Дома Толю ждал Мишка Бельмастый. Он стрельнул целым глазом в угол. Там на кровати вниз лицом, в брюках и рубахе спал Деменков. В комнате пахло перегаром. «Наблудился и пришел отсыпаться, — с ненавистью подумал Толя. Ну погоди, скоро уж турнут тебя, гада, отсюда!..»
Тянуть с деньгами больше нельзя. Но и нести их, даже думать об этом не хотелось. Толя, почти не таясь, сходил в уборную, взял деньги из крысиной норы, сунул их в карман. Пачка денег оттопыривала штаны, и Толя даже самому себе стыдился признаться, какое жалкое и затаенное желание было у него: заметили бы деньги и отобрали бы.
Но деньги никто не отбирал. Даже Паралитик не отбирал деньги. А ведь заметил, наверное. Глаз у него на эти штуки наметанный. Паралитик совсем притих чего-то. Все больше лежит, укрывшись с головой одеялом. Не бодрится, не постукивает костылем, не орет на ребятишек, не раздает подзатыльников. Думает Паралитик, Игорь Краесветский, лежит и думает.
Как будто не так уж давно похоронили Гошку Воробьева. Много доставлявший хлопот старшим и зливший постоянно ребят, Гошка, когда был живой, почти никак не влиял на их жизнь и на поступки. А вот смерть его исподволь, незаметно переменила в детдоме многое. И Паралитика тоже. Да разве одного Паралитика? А Зину? А Мишку? А Женьку? А Глобуса? Да и Толю самого не перевернула она разве? А детдом?

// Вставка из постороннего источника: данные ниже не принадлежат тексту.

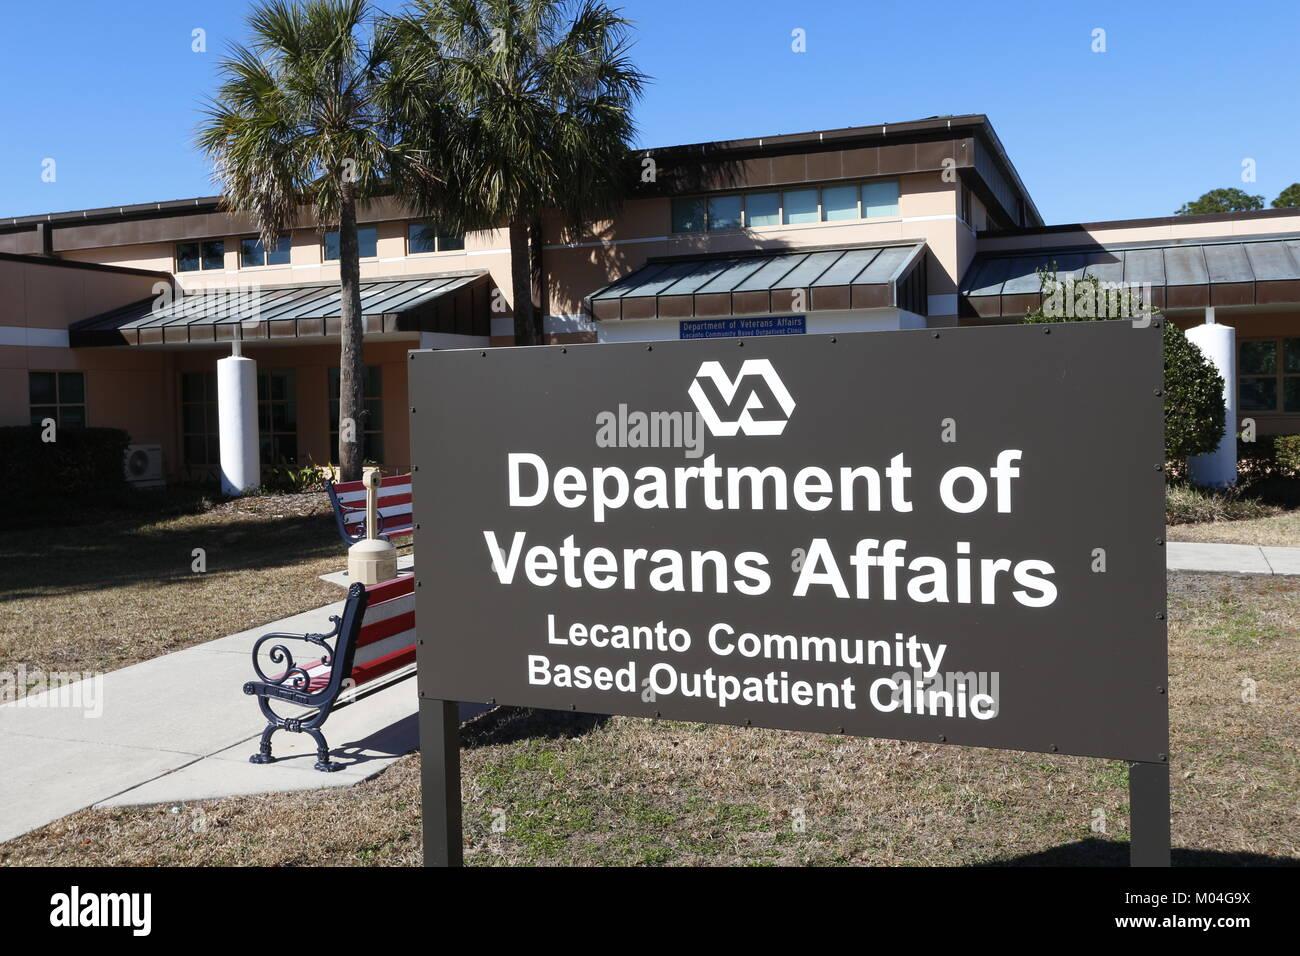 Department of Veterans Affairs sign, Lecanto, FL - Stock Image

В нем уже не властвуют безраздельно Деменков и Паралитик со своей компанией. Строже к себе, сплоченней стали жить ребята. Карманники детдомовские не шныряют по магазинам, и среди них самый отчаянный, Женька Шорников, слово дал завязать.
И Толя дал. И Мишка…
Ребячливость бесшабашная и бездумная, веселая удаль покинули Толю. И он стал как будто ответственным тут за все, на него надеялись, ждали, что он сделает и скажет. Редко кто решался ослушаться, если он посылал куда или просил что-либо сделать.

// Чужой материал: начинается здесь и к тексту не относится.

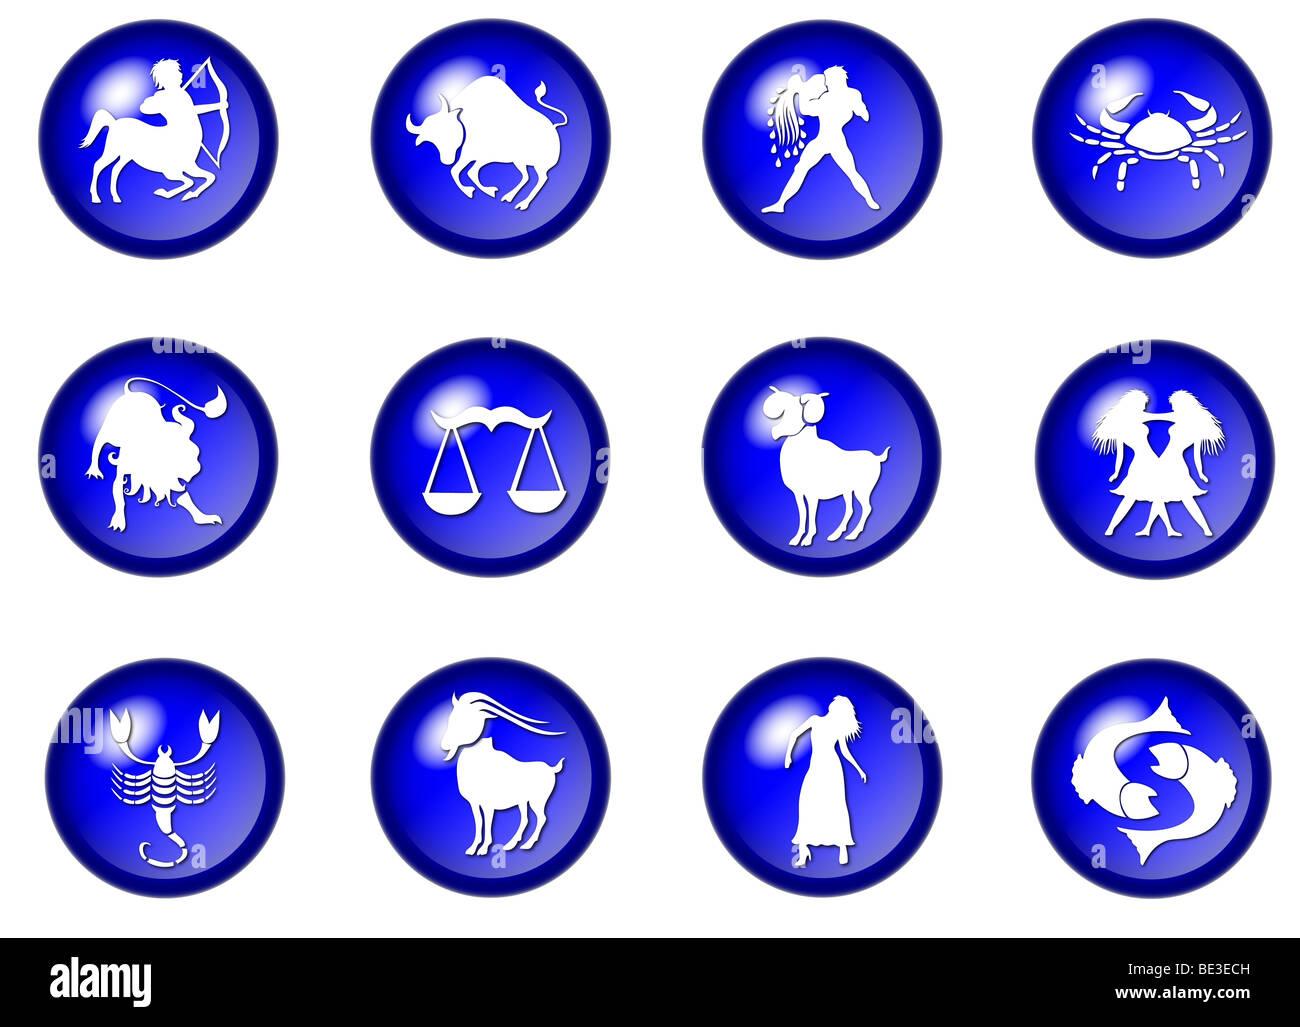 illustration of 12 blue zodiac web buttons - Stock Image

И все, что касалось кражи денег и кассирши, ребята, не сговариваясь, переложили на Толю. Раз уж он Паралитика победил, с Деменковым справился, значит, сообразит, как быть.
Отступать невозможно, некуда. Нужно идти. Обязательно идти.
И они пошли.
Кутаясь в пальтишки, без разговоров, будто в стужу, шли, не глядя друг на друга, как идут подсудимые, очень виноватые перед людьми. И как у всяких преступников, в каждом из них теплилась надежда на милосердие и чудо.
Но чуда не случилось…
Они лежали в холодной, полутемной комнатушке на полу и медленно приходили в себя. В комнатушке пахло гниющим от сырости полом, грязной одеждой, перегаром и табаком, а вместе все эти запахи отдавали болотиной. Сюда, в эту комнатушку, на время кидали пьяниц, подобранных на улице, буянов, воришек и всякую шваль, которая есть в избытке и в таком маленьком городе, как Краесветск.
— Ну как ты, Мишка?
— Я?.. Я-то ничего… Как ты?
— Тоже ничего…
В коридоре послышался звон железа, шум, крик:
— Т-ты, попка! Убер-р-ри р-р-руки! Я таких видал и едал! Я т-таких сыр-рыми… — Ругань удалялась в глубь коридора. — Убери подобру…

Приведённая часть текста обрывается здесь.